WORK REQUIRED: Copying rule for the data below: pictures stay out, and only the lines from the one with "Photographed a family" down to the one with "Thank you for", inclusive, are repeated exactly.

GIVEN RECORDS:
———

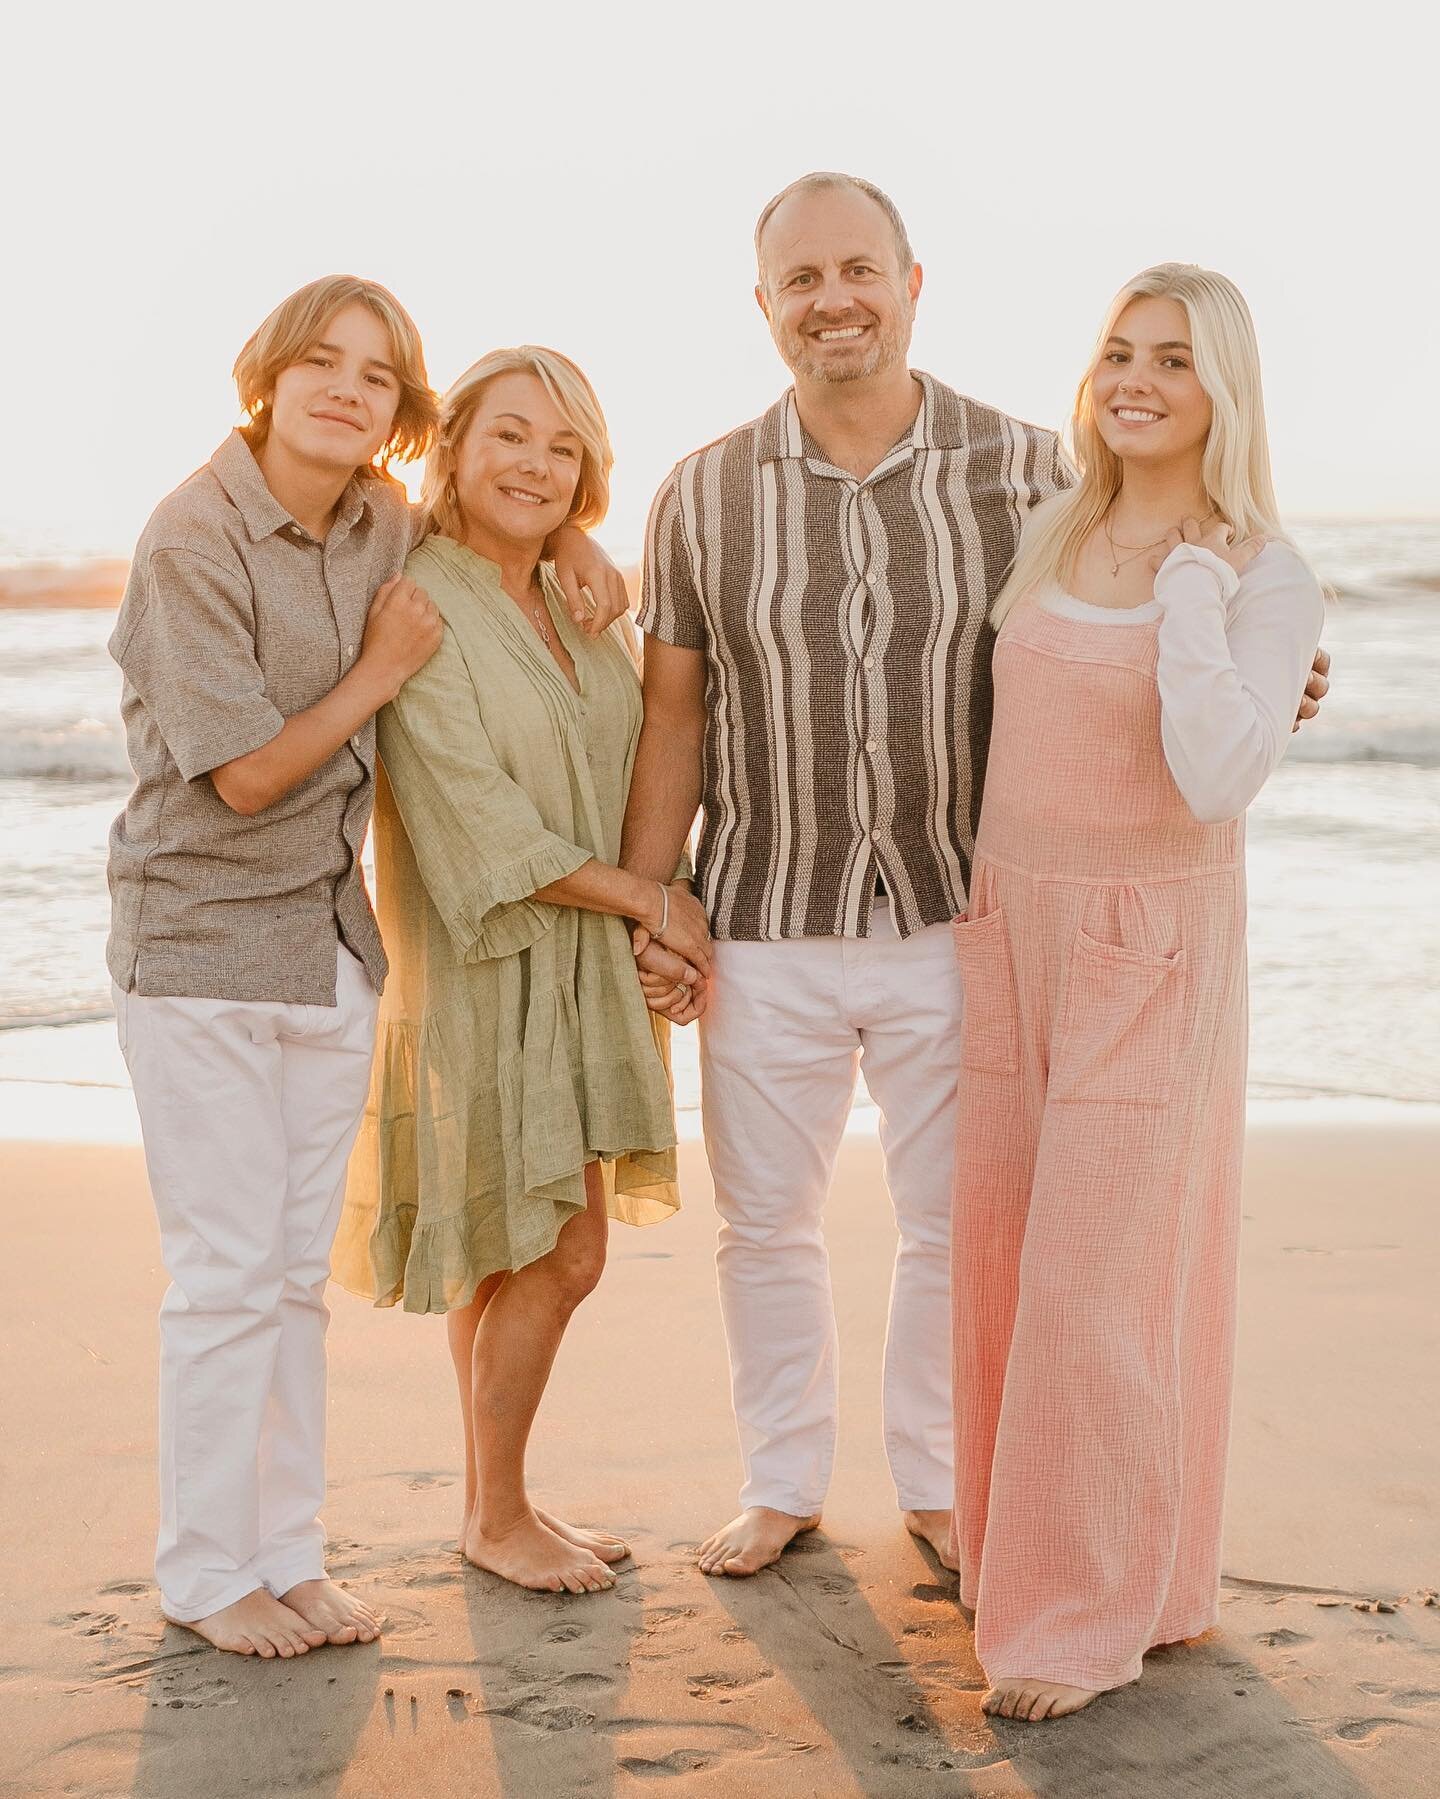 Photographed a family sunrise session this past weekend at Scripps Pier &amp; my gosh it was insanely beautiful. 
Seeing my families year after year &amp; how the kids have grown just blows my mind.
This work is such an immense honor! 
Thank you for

———

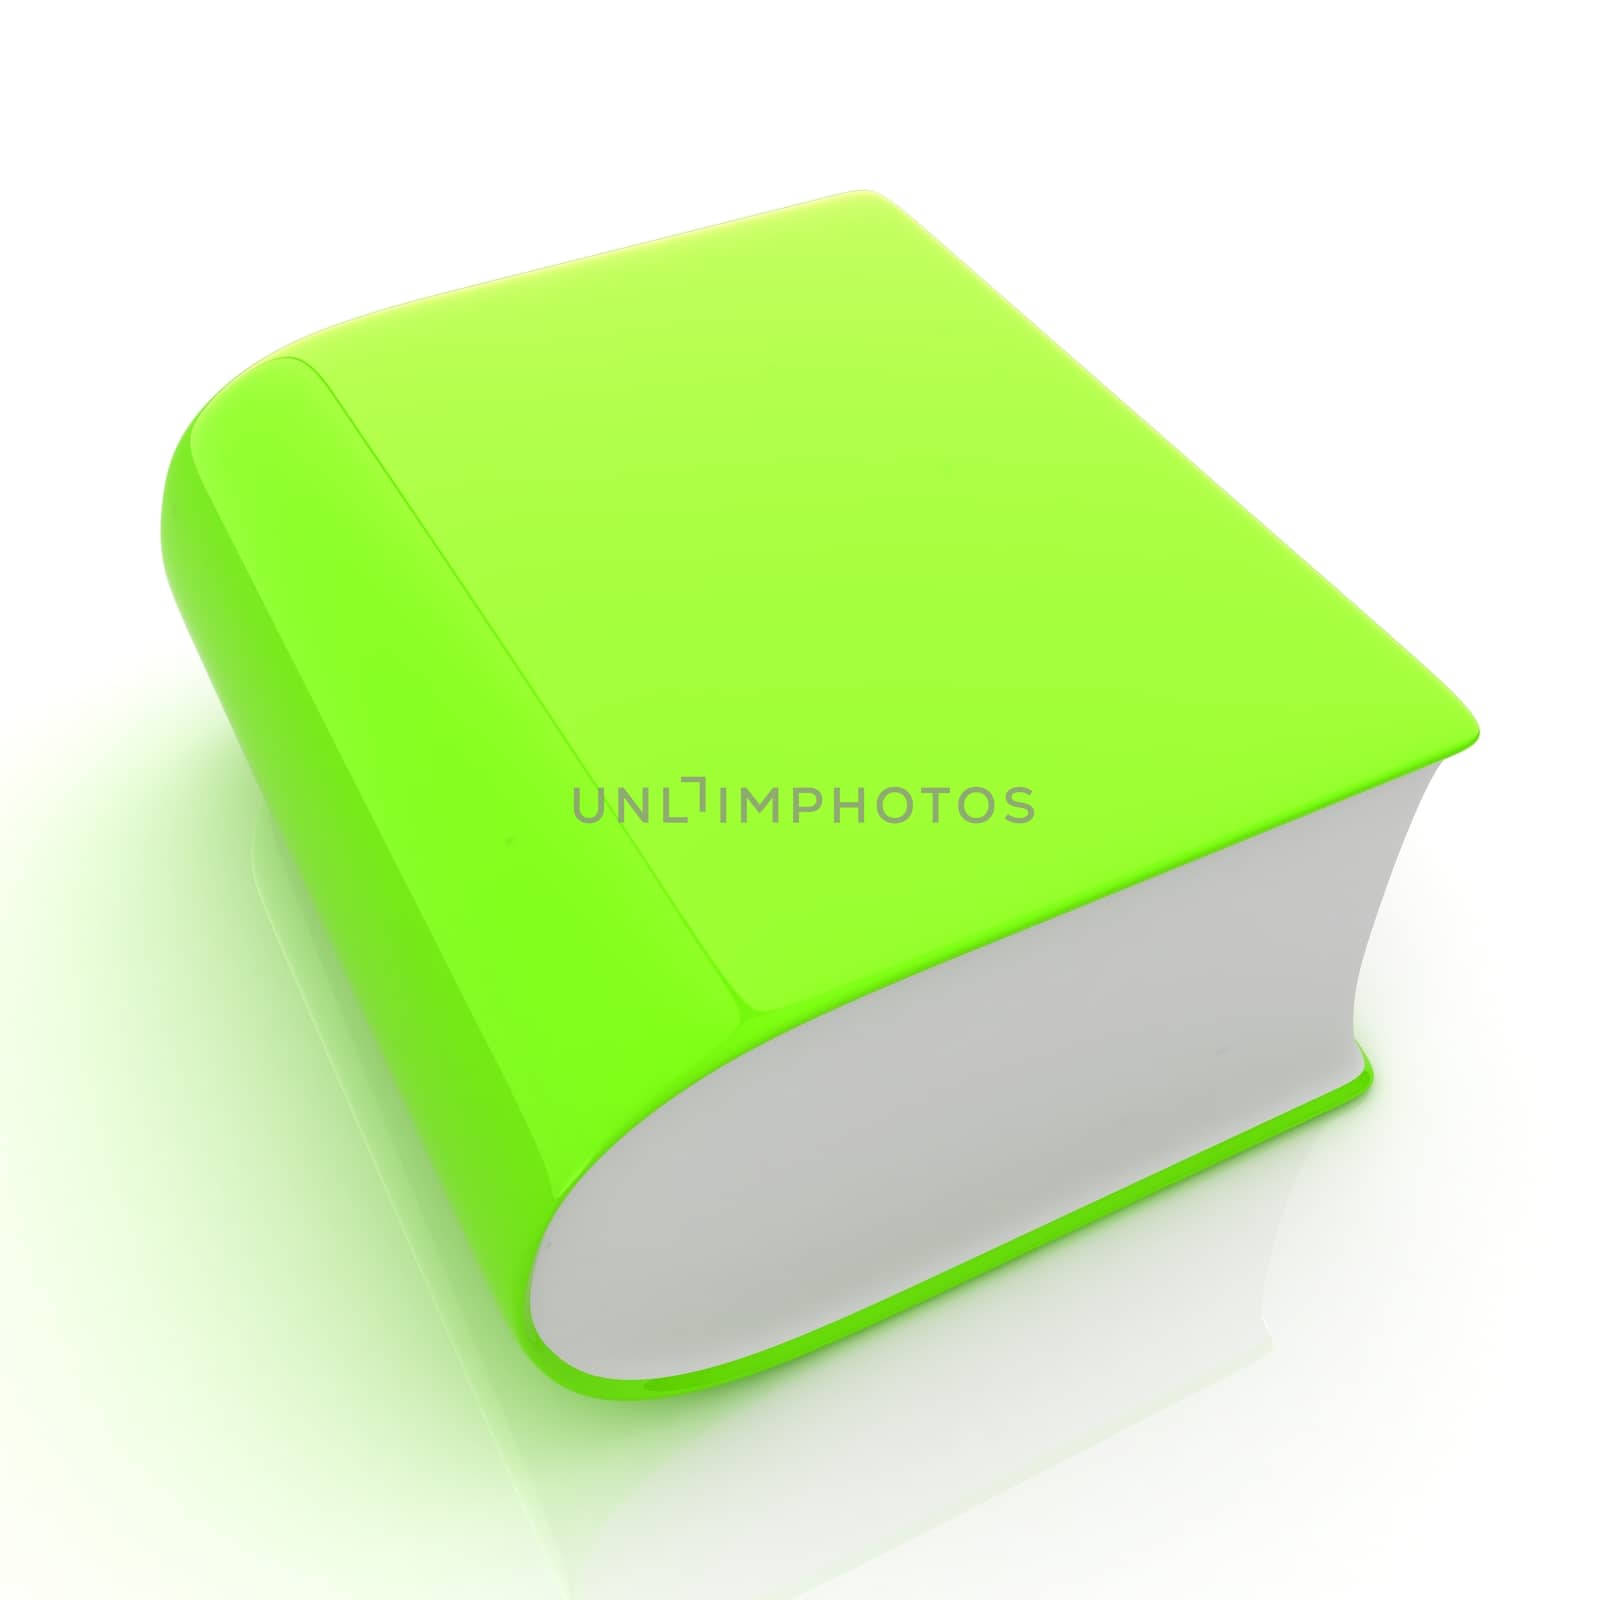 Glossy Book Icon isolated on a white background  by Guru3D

———

ANSWER BELOW:
 Photographed a family sunrise session this past weekend at Scripps Pier &amp; my gosh it was insanely beautiful. 
Seeing my families year after year &amp; how the kids have grown just blows my mind.
This work is such an immense honor! 
Thank you for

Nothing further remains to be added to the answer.